Ketika hari ulang tahun tiba merupakan hari-hari yang menteror Nai Nai, terlebih lagi hari ulang tahunnya bertepatan dengan hari kenaikan kelas. Hal tersebut ditunjukkan dalam kutipan berikut.

(176)Tapi yang menteror Nai adalah setiap kali memasuki pertengahan tahun. Hari jadinya yang jatuh pada bulan Juni seolah menjadi peringatan bahwa usianya bertambah namun peyudaranya tidak juga tumbuh (hlm 108).

(177)Selain hari ulang tahun, pertengahan tahun juga bertepatan dengan hari kenaikan kelas. Nai selalu gelisah ketika diharuskan untuk saling memperkenalkan diri dengan teman kelasnya yang baru karena ia tak bisa mengelak dari tatapan spontan semua orang yang memandang ke arah payudaranya setiap kali ia menyebutkan nama (hlm 109).

Latar waktu siang hari melatari cerpen ini. Pada waktu siang hari itulah biasanya Nai membaca buku-buku stensilan itu. Pada saat membaca buku stensilan yang dijual Ayahnya, Nai Nai merasa bukan Nai Nai yang tidak memiliki payudara. Hal tersebut ditunjukkan dalam kutipan berikut.

(178) Ketika Ayah bekerja di siang hari, Nai sering membaca buku-buku stensilan yang sudah ayahnya persiapkan untuk dijual malam harinya (hlm 110).

(179) Ketika membaca, Nai bukan lagi perempuan berkaus kutang. Ketika Nai membaca, ia adalah perempuan berkutang yang digarap dia atas

meja direktur. Ia adalah perempuan berpayudara besar yang dapat menjepit penis laki-laki diantara payudaranya saat sedang mengalami menstruasi (hlm 112).

(180) Ia bukan hanya perempuan berkaus kutang yang menjelma sebagai perempuan perempuan berkutang. Ia bukan hanya perempuan berpayudara kecil yang menjelma sebagai perempuan berpayudara besar. Ia bukan hanya perempuan idaman yang bisa menggarap beberapa laki-laki bersamaan

(hlm 114).

Selanjutnya, latar waktu berlanjut ketika Nai Nai menceritakan apa yang dibacanya dari buku-buku stensilan sebagai pengalaman pribadinya. Hal tersebut ditunjukkan dalam kutipan berikut.

(181) Hingga suatu hari ketika teman-temannya sedang saling berbagi cerita tentang pengalaman pertama kencan, Nai memberanikan diri untuk mengemukakan apa yang sering dibacanya sebagai pengalaman pribadinya. Serentak teman-temannya terdiam. Semuanya mendengarkan. Semuanya memberi perhatian (hlm 113).
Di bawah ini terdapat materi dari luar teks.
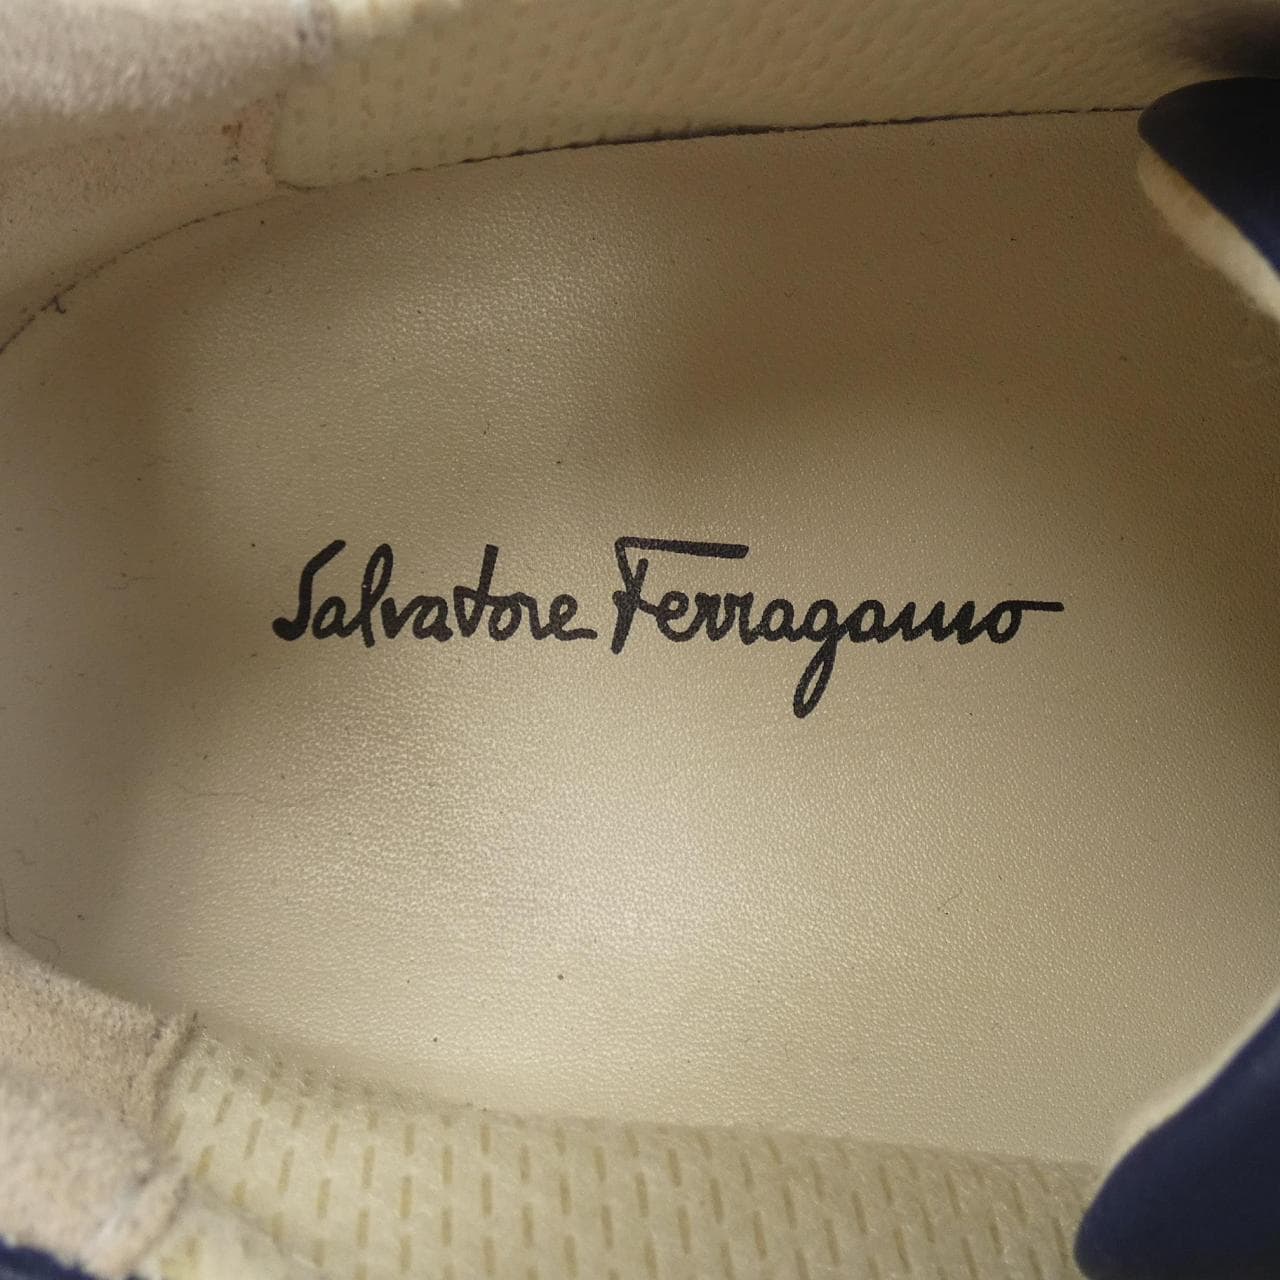 萨尔瓦多·菲拉格慕 (SALVATORE FERRAGAMO) 鞋履

(182) Itulah ketika Nai Nai menginjak tahun ketiga di sekolah menengah pertama. Semuanya berubah hanya dengan bercerita, dengan mengutip buku-buku stensilan. Semua laki-laki yang sudah mendengar perihal pengalaman seksual Nai berlomba-lomba mendapatkan Nai (hlm 114). 2.5.2.3 Latar Sosial

Latar sosial dalam cerpen ini adalah kehidupan remaja di lingkungan masyarakat modern. Hal tersebut ditunjukkan dengan topik pembicaraan mereka seputar seksualitas. Mereka tidak sungkan-sungkan menceritakan masalah kencan pertama, pamer model bra terbaru. Hal tersebut dibuktikan dalam kutipan berikut.

(183)Ritual ganti baju bersama sebelum dan sesudah pelajaran olah raga yang klimaksnya adalah saling memamerkan model kutang terbaru. Tidak terkecuali, sensasi yang mereka rasakan ketika pacar pertama menggerayangi payudara (hlm 108).
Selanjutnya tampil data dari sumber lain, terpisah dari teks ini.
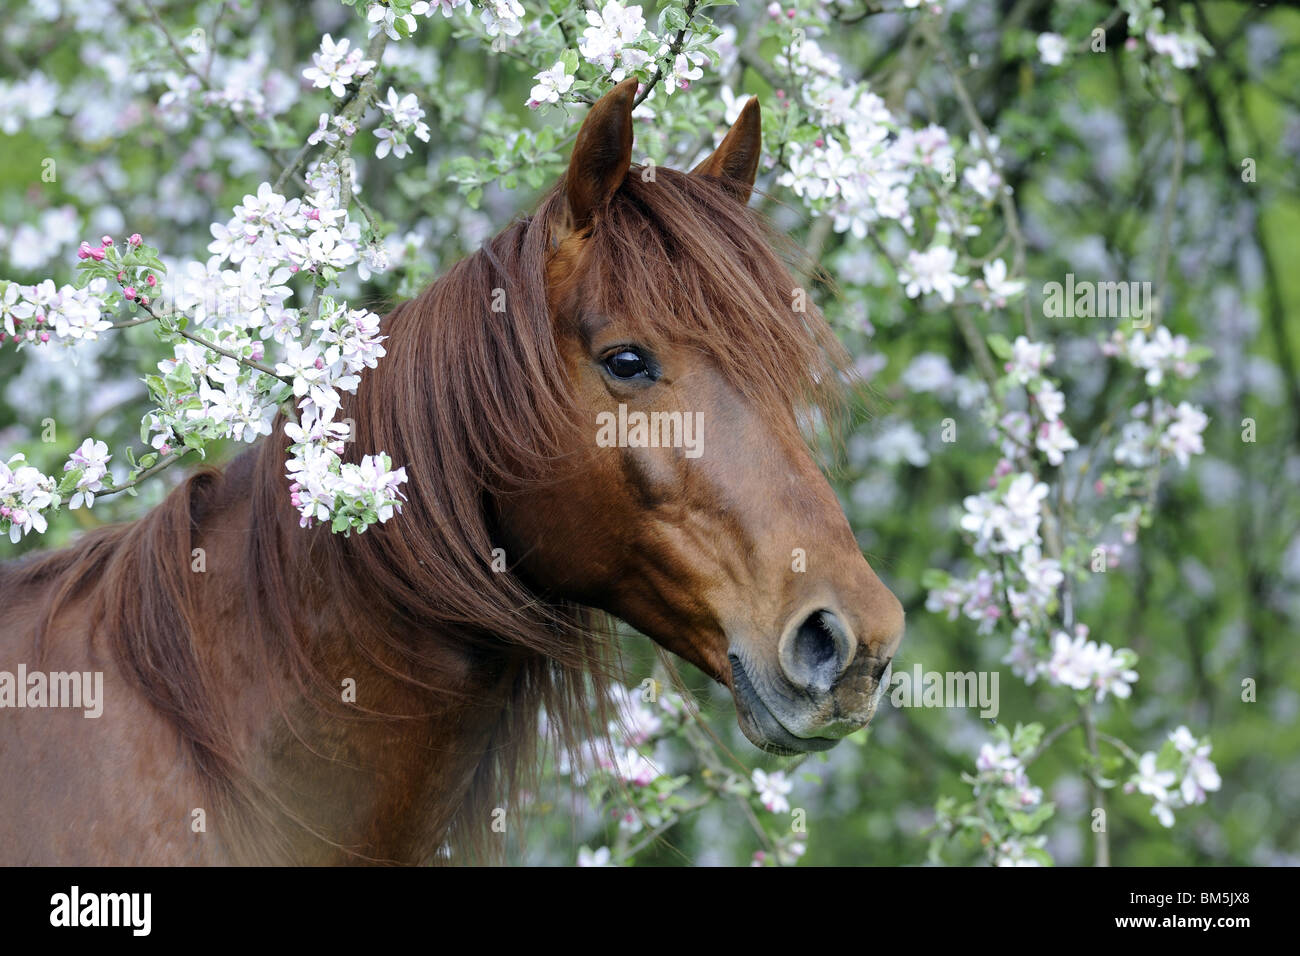 Missouri Fox Trotter (Equus ferus caballus), portrait of stallion looking through flowering twigs. Stock Photo

(184)Hingga suatu hari ketika teman-temannya sedang saling berbagi cerita tentang pengalaman pertama kencan, Nai memberanikan diri untuk mengemukakan apa yang sering dibacanya dari buku-buku stensilan sebagai pengalaman pribadinya. Serentak teman-temannya terdiam (hlm 113).